Les récalcitrants,puisque tout sera fait à l’école,seront traités au cas par cas dans les programmes de réussite éducative en contractualisant les familles qui devront prendre en compte l’échec de leur enfant et accepter la rééducation et l’orientation comme allant de soi.

Les solutions préconisées ne coûteront rien à l’Éducation nationale puisque déléguées au secteur privé : orthophonistes, soutiens scolaires, formations à distance, éditions scolaires et parascolaires...

On est bien loin de l’école publique, laïque et gratuite pour tous !

M.de Robien est bien conscient que sa circulaire sur la lecture entre en contradiction avec les programmes de 2002, c’est pourquoi il a annoncé qu’ils seront changés car... trop chargés.

D’autres programmes ?

Le gouvernement commence par la méthode de lecture,emblématique de cette propagande politique et idéologique.

Mais qu’arrivera-t-il à l’enseignement des mathématiques, de l’histoire, des arts... ? Ils ne pourront pas demeurer des espaces de mise en oeuvre de la pensée.
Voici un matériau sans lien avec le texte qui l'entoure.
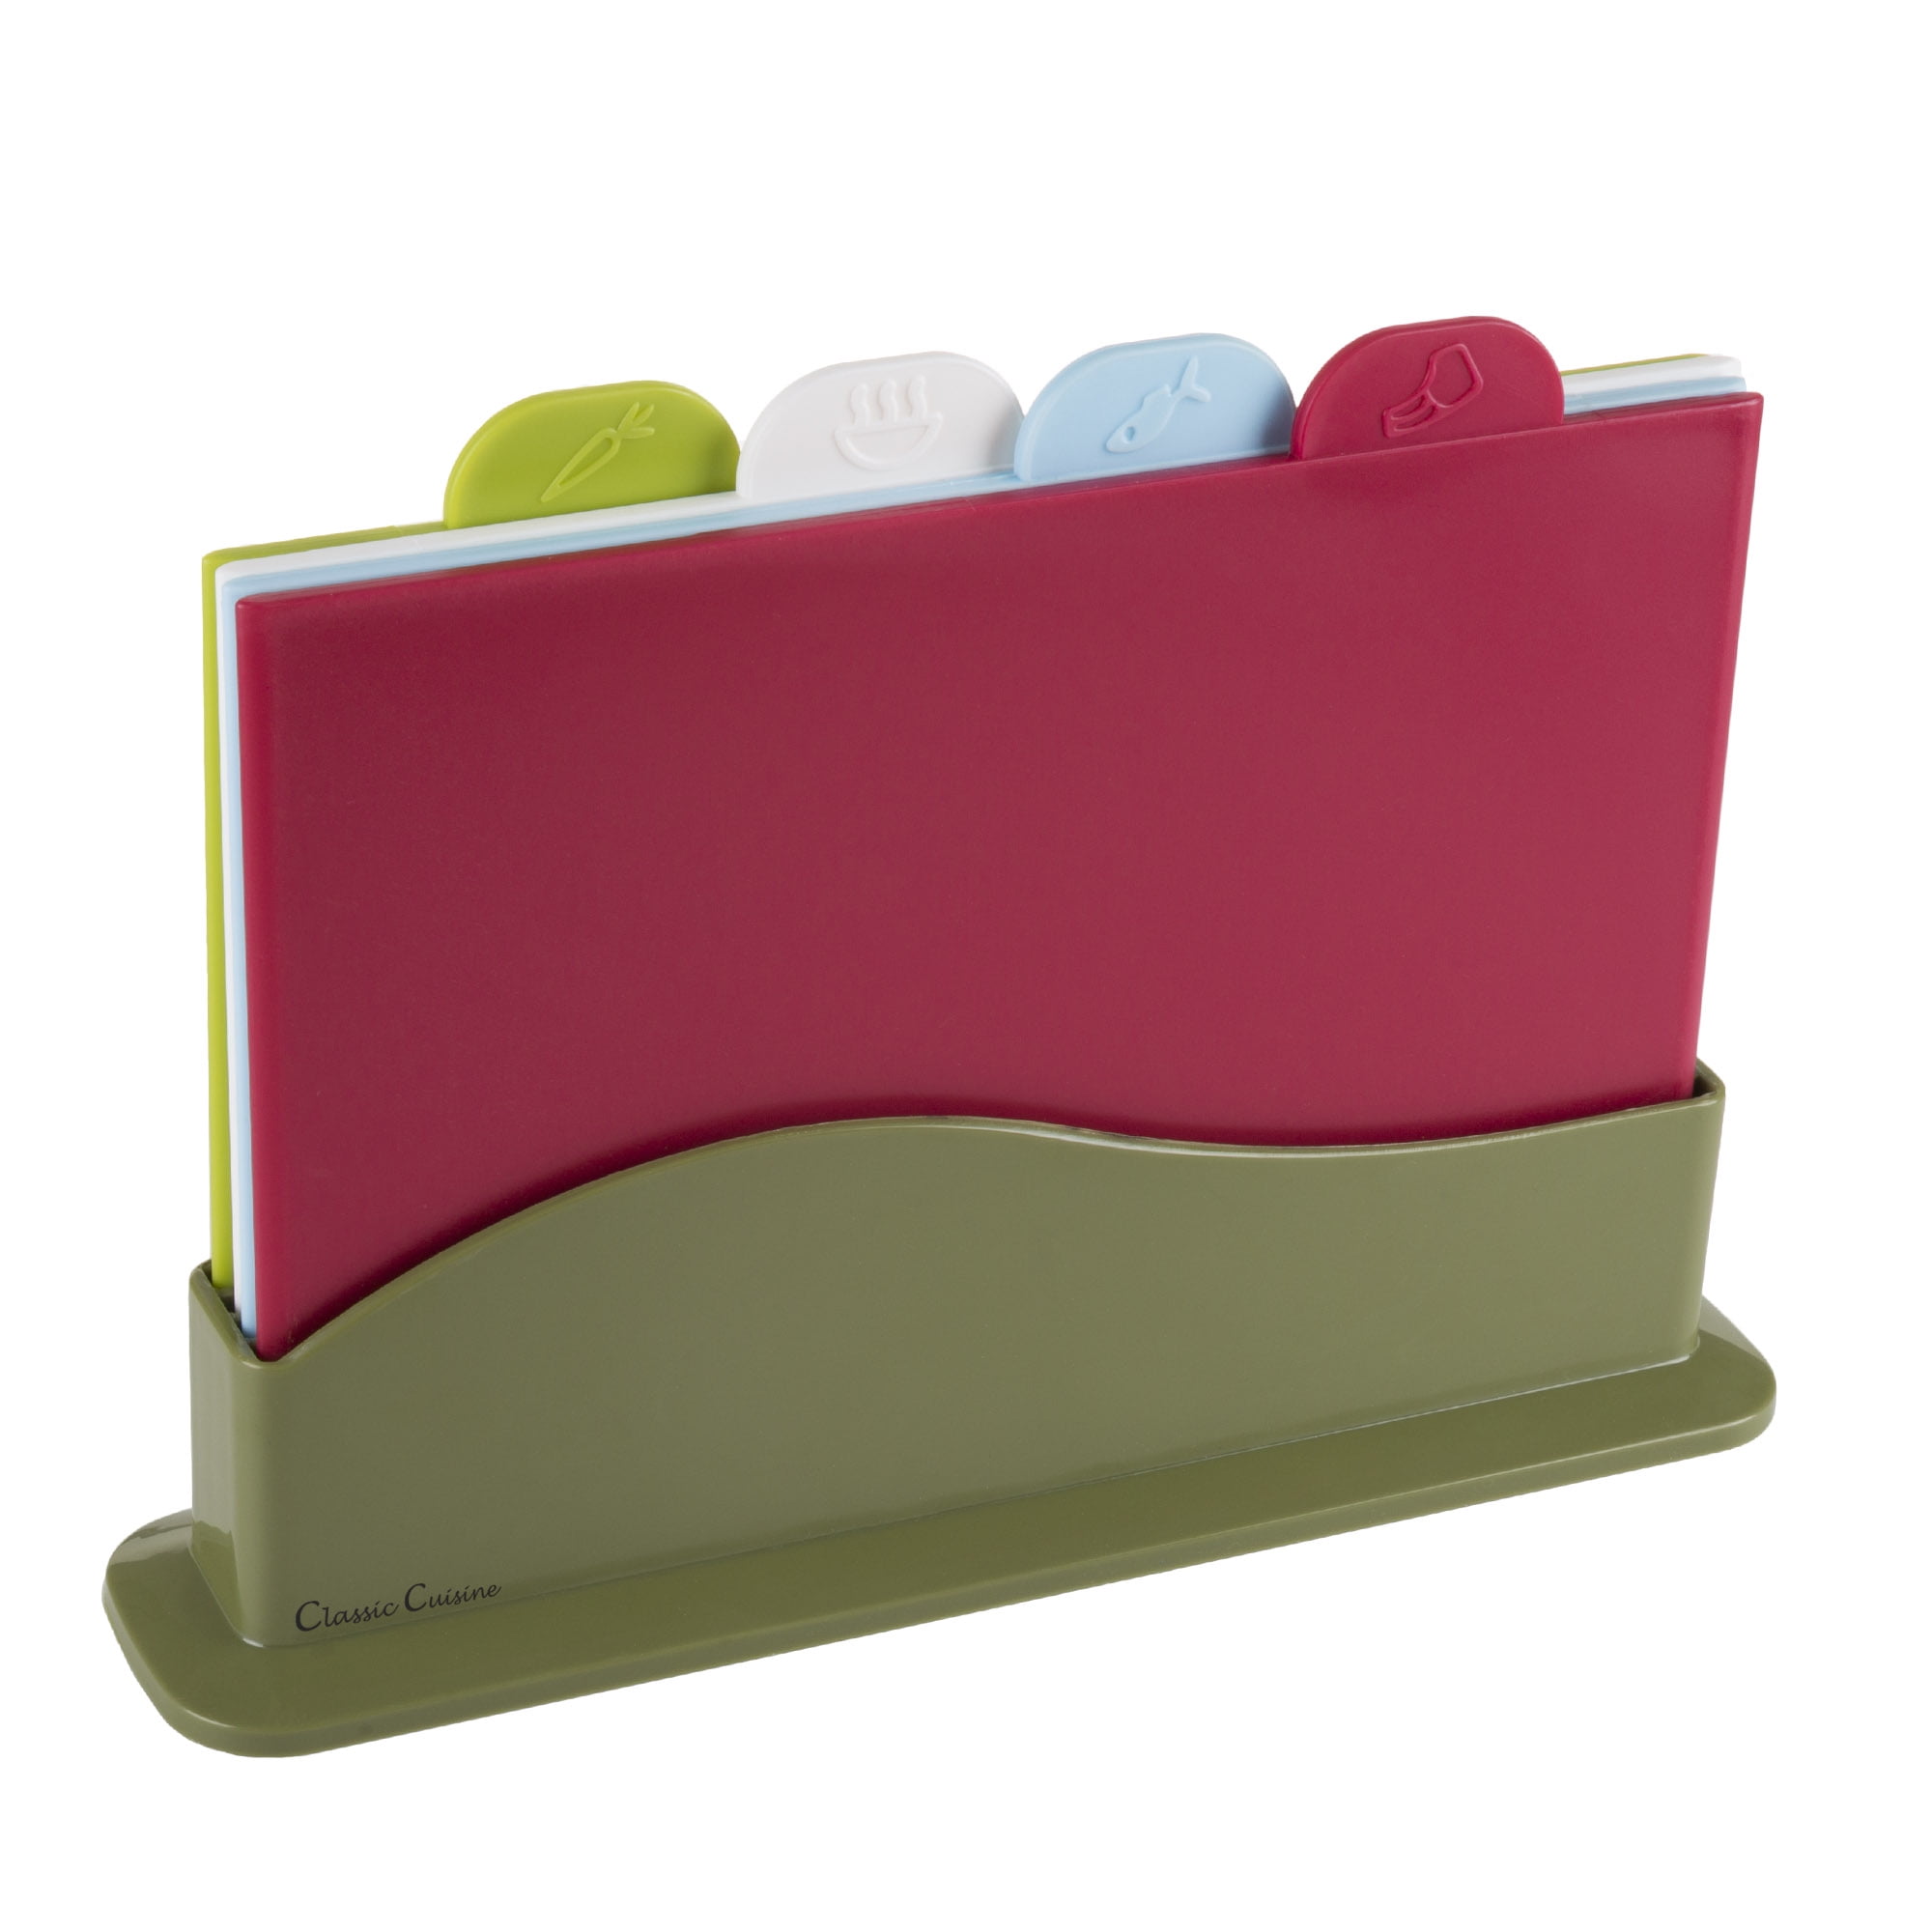  Color-Coded Plastic Cutting Board Set with Storage Stand - 4  Piece Set for Various Food Types - Slip-Resistant Design - Dishwasher Safe:  Home & Kitchen

A quand le déchiffrage numérique, historique, musical, pictural, ... avec répétition et mémorisation des éléments décrétés les plus « rentables » et extraits de leur globalité ?

Qu’adviendra-t-il de l’idée de transversalité, de complexité ?

D’autres circulaires ?

Et pourtant, dans des contextes défavorables, sans la moindre mixité sociale et scolaire, les jeunes pour leur grande majorité apprennent à lire et ne déchiffrent pas, ils lisent !

Nous n’appliquerons pas la circulaire du Ministre sur la lecture !

C’est pourquoi nous poursuivrons notre pédagogie émancipatrice, ligne d’action, chemin dans lequel nous sommes si fortement engagés et qui a fait ses preuves.